Originally founded by two people, Iiro and Morgan in 2016, with a third, James coming in as a co-owner in mid 2017. Starting out as just a discord for friends, a couple people who would chill together and click some heads, we've been through a lot of names in the past, CCV, CodeineCocktail, TheBackroom, until we decided to stick with 404, not sure how we came up with the name, but it stuck, initially we were focused on the game Rocket League, using it as a place for teammates to congregate, host private matches, tournaments and share memes, eventually expanding on to other games like Minecraft, Unturned and Rust.
After opening our first two servers, and discovering there were other games out there our members liked, including DayZ, Space Engineers and Team Fortress 2, we decided to expand further, opening more servers, we began streaming on Twitch, hosting tournaments with prize pools, supporting other content creators and posting the dankest of memes, all while slowly, very slowly, growing our member base.
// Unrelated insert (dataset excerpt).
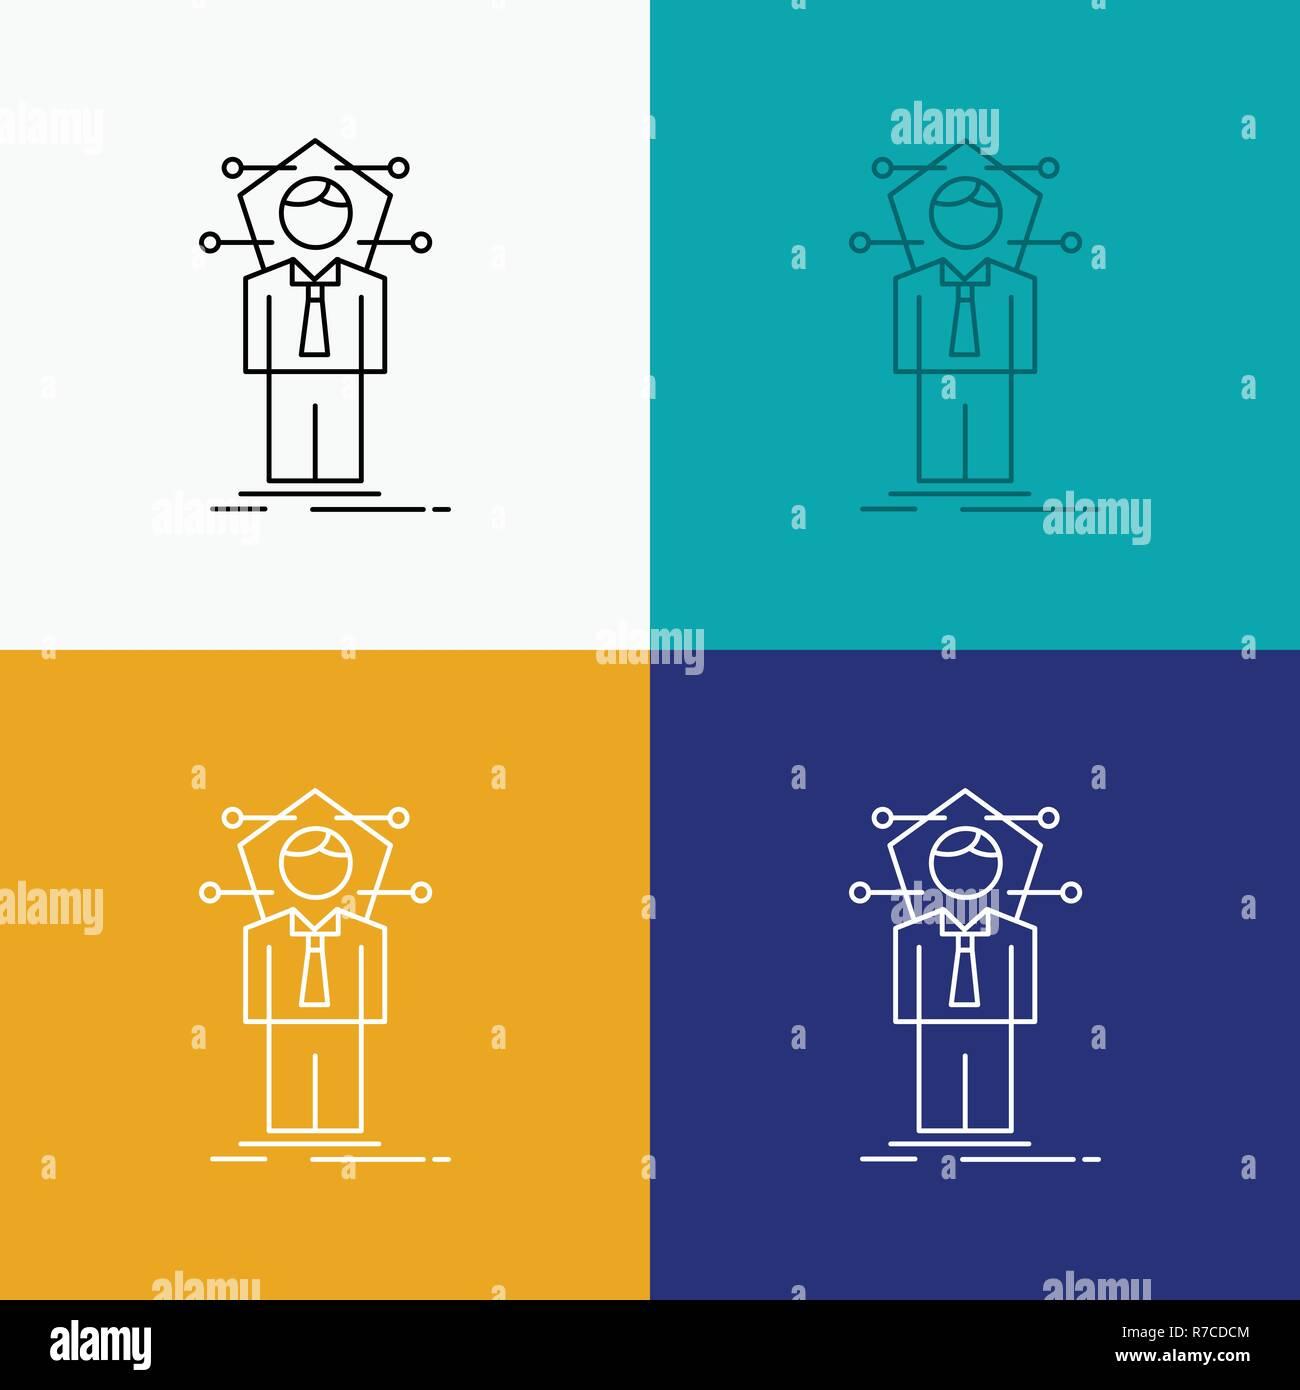 Negocios, conexión humana, red, icono de la solución a través de diversos antecedentes. Diseño de estilo de línea, diseñado para web y app. 10 ilustración vectorial EPS Ilustración del Vector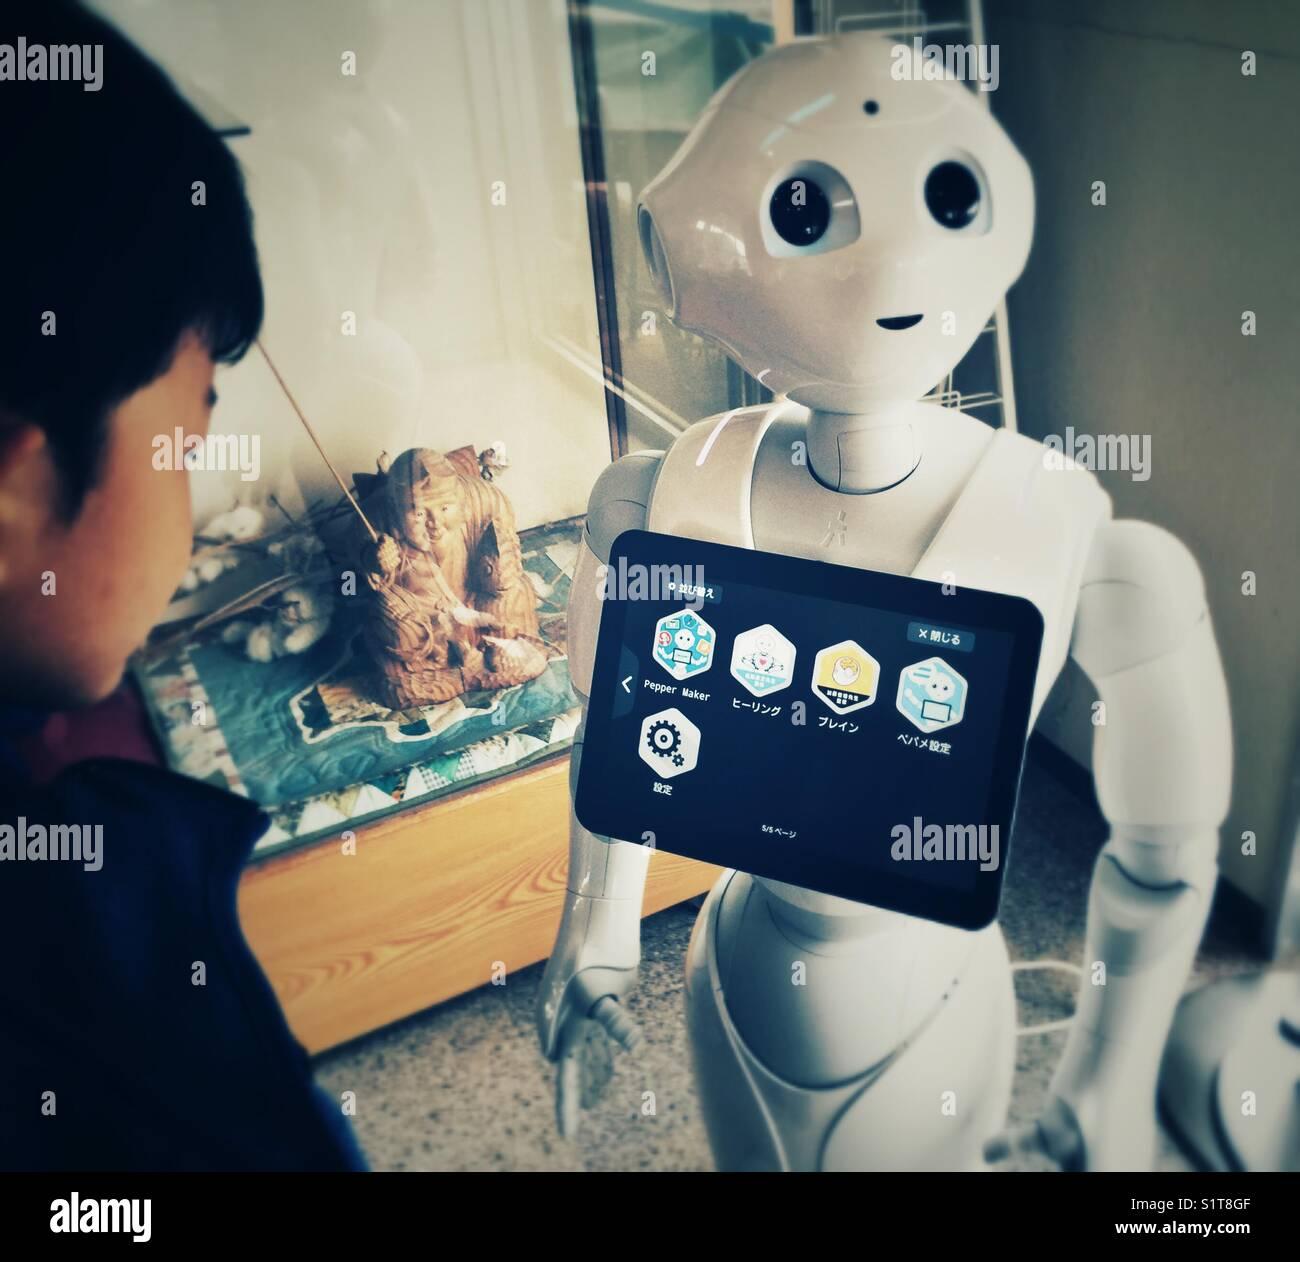 Asiatische 6 Jahre alte Junge, der in der Systemsteuerung von interaktiven Roboter in Japan Stockbild

And that brings us to now, as of writing, 2021, And after a successful partnership with another community run by David and Tony, we opened our newest flagship project 404earth, and it's sister project, 404creative, which saw immediate success, sustaining good player numbers weeks after launch, especially for a private, whitelisted community. Eventually though, we shifted away from hosting community servers, and onto the hardware that made them so great in the first place, we wanted to provide people with the means to cheaply host their own servers on good, reliable hardware, we did our research, formed a plan, and got to work. After all, we all had backgrounds that would be useful, be it computer science, systems administration or information security, so why not put them to use?
We didn't want to just middleman, so no renting a VPS and overselling it, we'd own the hardware, as that would, over a longer time-span, allow us to charge less. We built our infrastructure up over a period of months, created, used and contributed to multiple open-source projects, and eventually, after many all-nighters and red text, we were there, just time to flip the switch and let you guys have at it.
So, that brings us to (as of writing) right now, and pretty much sums us up, A grassroots hosting company and gaming community with some cool people in it, so, regardless of background, we hope you join us, and we hope to see you in-game, Cheers.
-Morgan
At the bottom of the stack is the hardware. Currently we have Dual Xeon E5-2667v2 Servers with 128GB of RAM for customer workloads. Each node is outfitted with two 500gb SATA SSDs in RAID 0.
To maintain high availability of services we use Piraeus Datastore to replicate persistent data between worker nodes.
Next up is Kubernetes, the container orchestration project run by the Cloud Native Computing Foundation. We use this to manage all workload deployments be it container or virtual machine.
All of this and more comes together to support running game servers.